For more than four months, Israel and Hezbollah have traded fire. Israeli airstrikes into Lebanon have killed hundreds of Hezbollah fighters and dozens of civilians. The deadliest strike was yesterday. It killed 10 and blew out this apartment complex. Israel said it killed a Hezbollah commander.

Hezbollah has fired hundreds of rockets into Israel. Many are intercepted by Israeli air defense, but others have killed nine Israeli soldiers and six civilians.

Hezbollah leader Hassan Nasrallah promises more attacks until the war in Gaza stops. Hezbollah can, with precision, thanks to Iranian technology. Israel says Hezbollah has 150,000 rockets and missiles that can reach 95 percent of Israel, including its largest city, Tel Aviv. The U.S. believes neither side wants war, but the risk is high.

Today, Israel's Defense Ministry released video of what it called an exercise for a Lebanon war.

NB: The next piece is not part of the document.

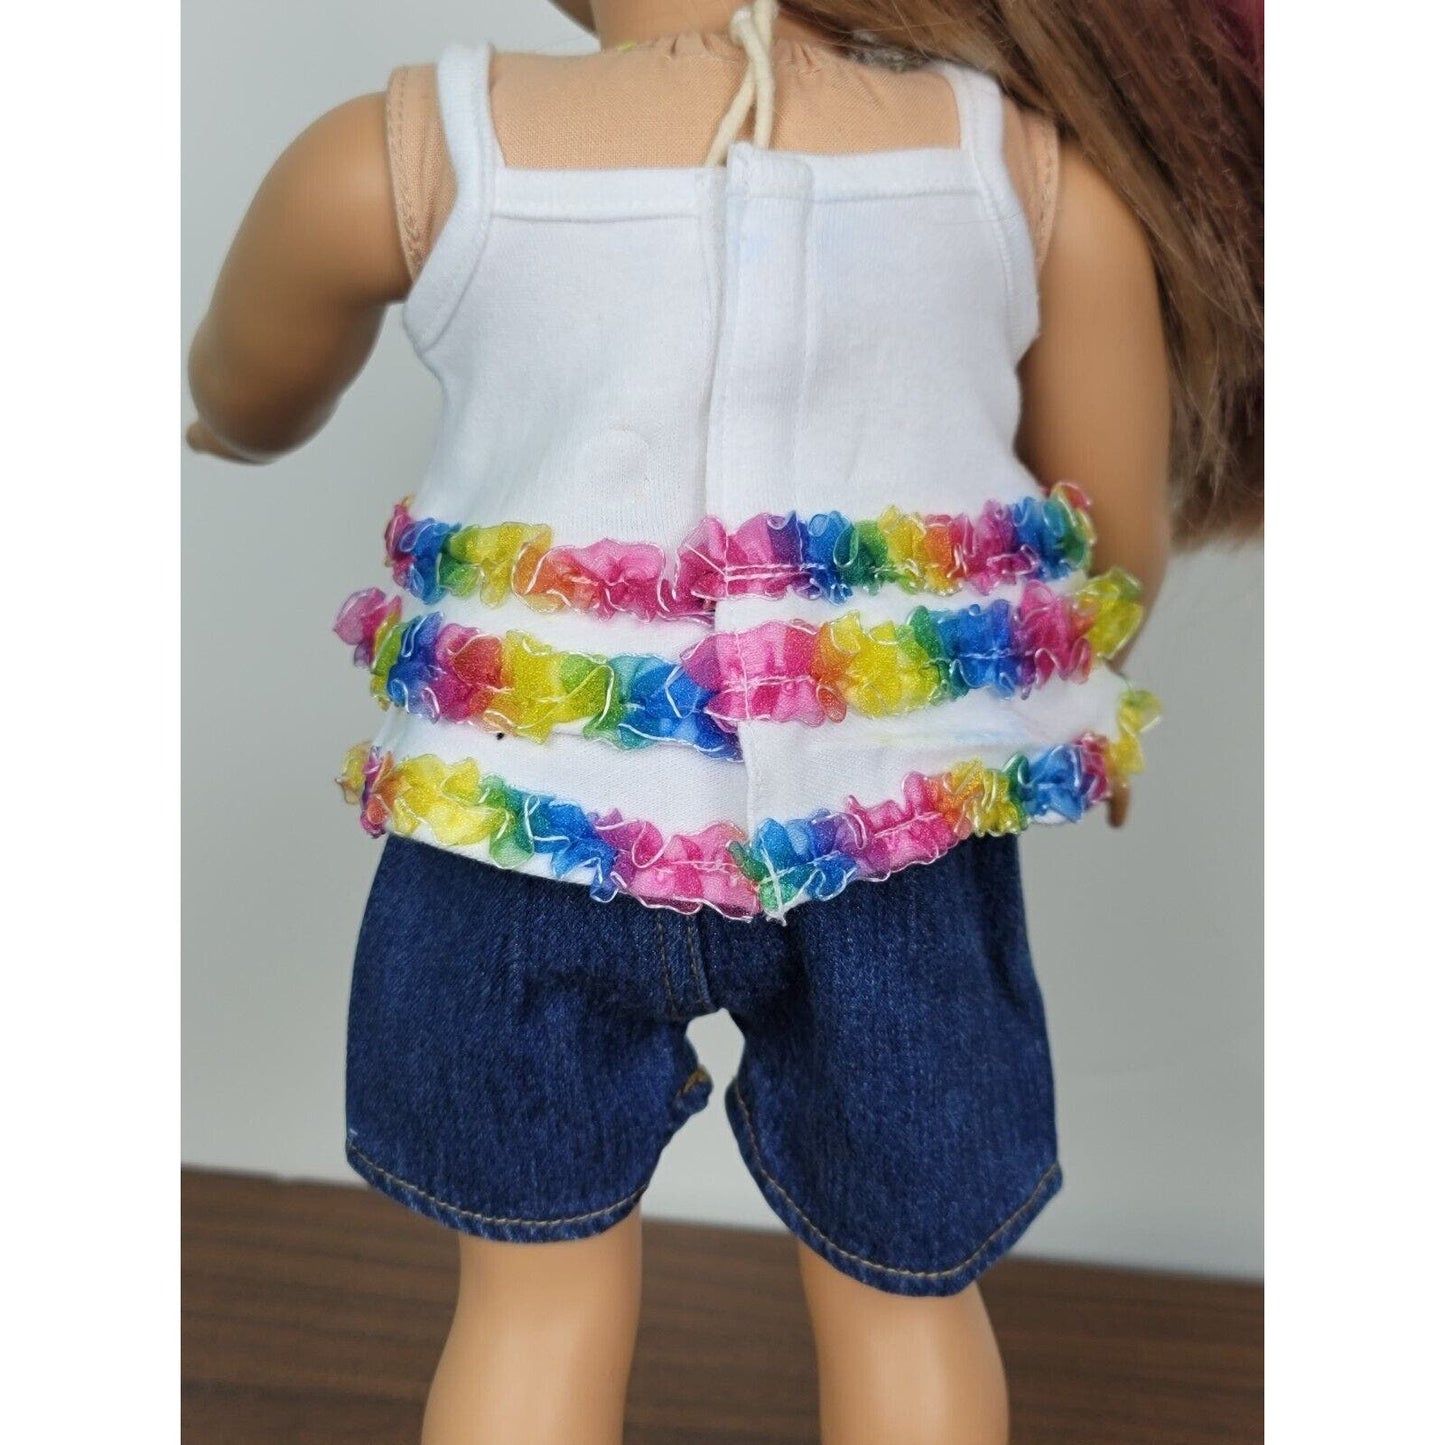 Doll Clothes Floral Summer Complete Outfit Glasses Shoes Tank Shorts fits 18"
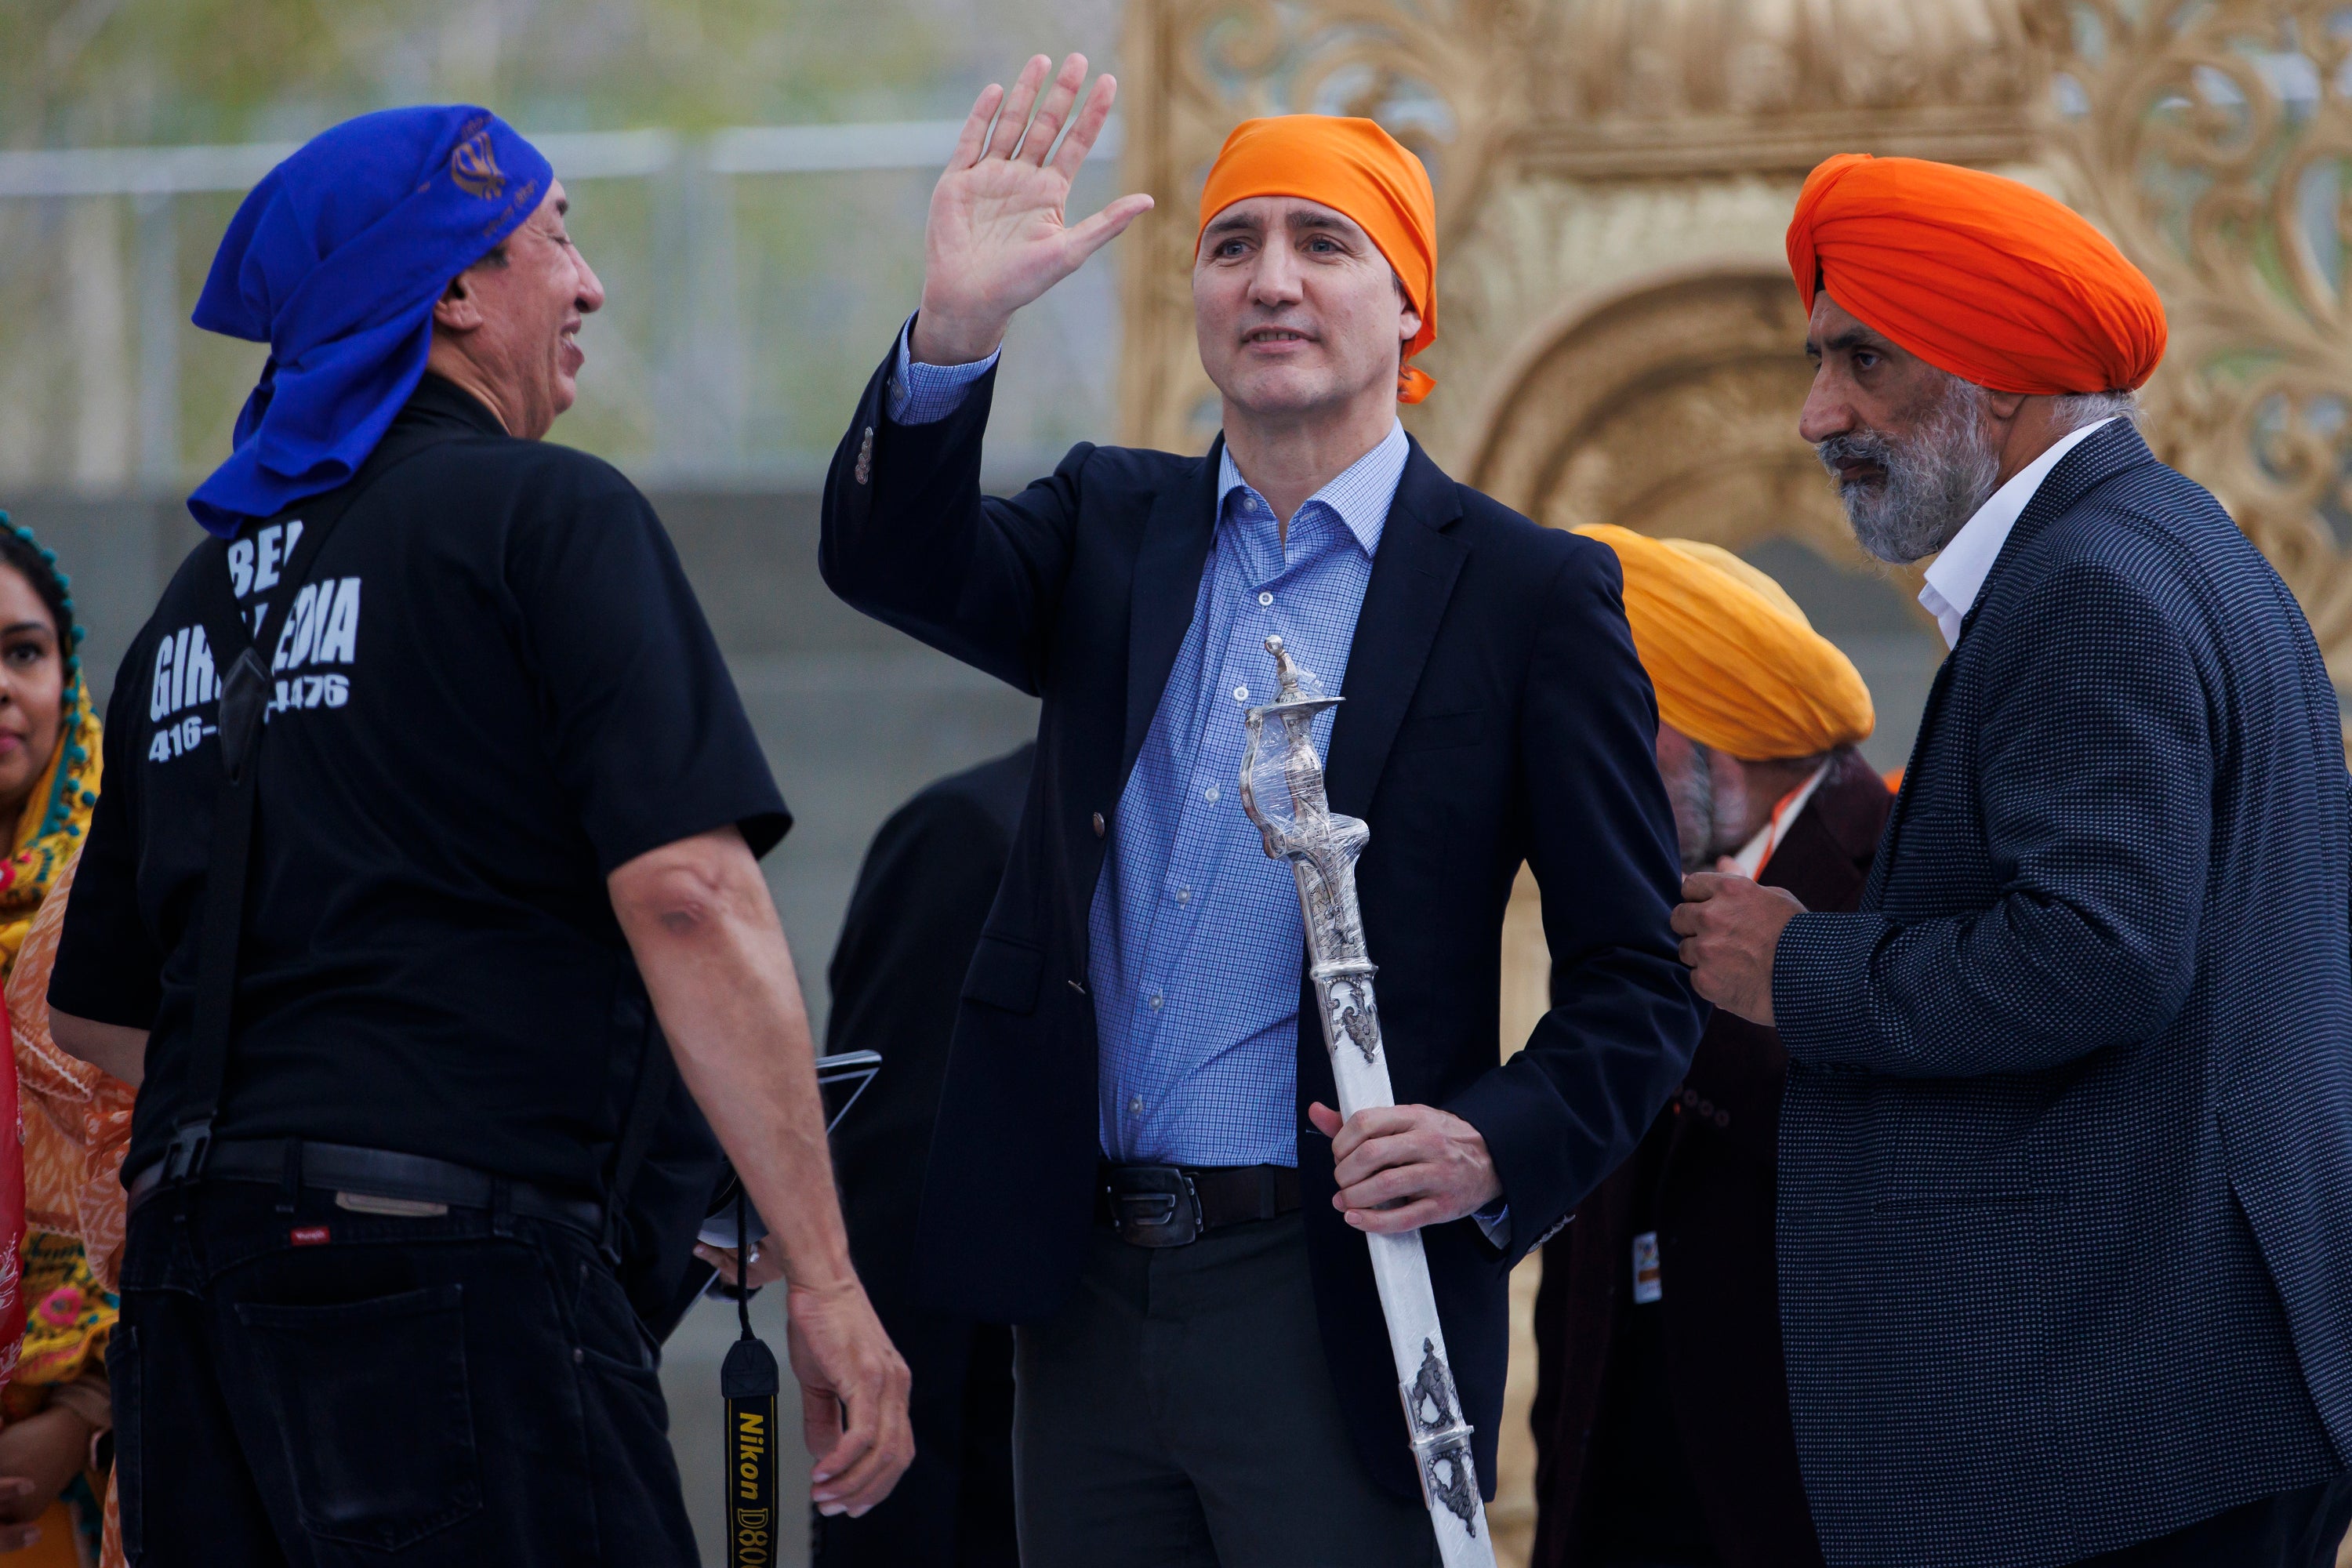 Canadian prime minister Justin Trudeau waves to the crowd after receiving the gift of a ceremonial sword from Sikhs in Ontario

Yoav Gallant, Israeli Defense Minister (through translator):

We have no interest in war, but we must prepare. The planes that are flying in Lebanon's sky as we speak have targets. We can do copy-paste from Gaza to Beirut.

Nick Schifrin:

Metula is now a military camp. The chief of the army visited yesterday. The military has evacuated some 80,000 residents across the north, including Levit's family. His wife and four children have lived in a hotel for nearly four months.

Tal Levit:

My family, my kids, it's very hard to survive this, but I tell them, we don't have another — you don't have another place to go. We don't go to USA now or Europe or something. We have Israel.

Moshe Davidovitz, Mayor of Mateh Asher Regional Council: The government don't do the things that they should do to our citizens and to our residents.

Nick Schifrin:

Moshe Davidovitz is the mayor of the northern community of Mateh Asher, and leads a council for Northern Israeli residents. He says trust between the government and those residents has been broken.

Moshe Davidovitz:

The government is supposed to give the residents security, and this contract between the government and the citizens does not exist.

Nick Schifrin:

France and the U.S. are trying through diplomacy to push Hezbollah back at least six miles from the border. But U.S. officials doubt whether that can succeed with cross-border firing, firing that continues even today during our interview.

Moshe Davidovitz:

Now — now there is missiles shooting. I heard it just in this minute. Now we are supposed to get to the shelters.

Nick Schifrin:

There's missiles fired — being fired now?

Moshe Davidovitz:

Just now, yes. So I want to thank you. Thank you. Bye-bye.

Nick Schifrin:

And so the danger to the people and of wider war is inescapable.

For the "PBS NewsHour," I'm Nick Schifrin.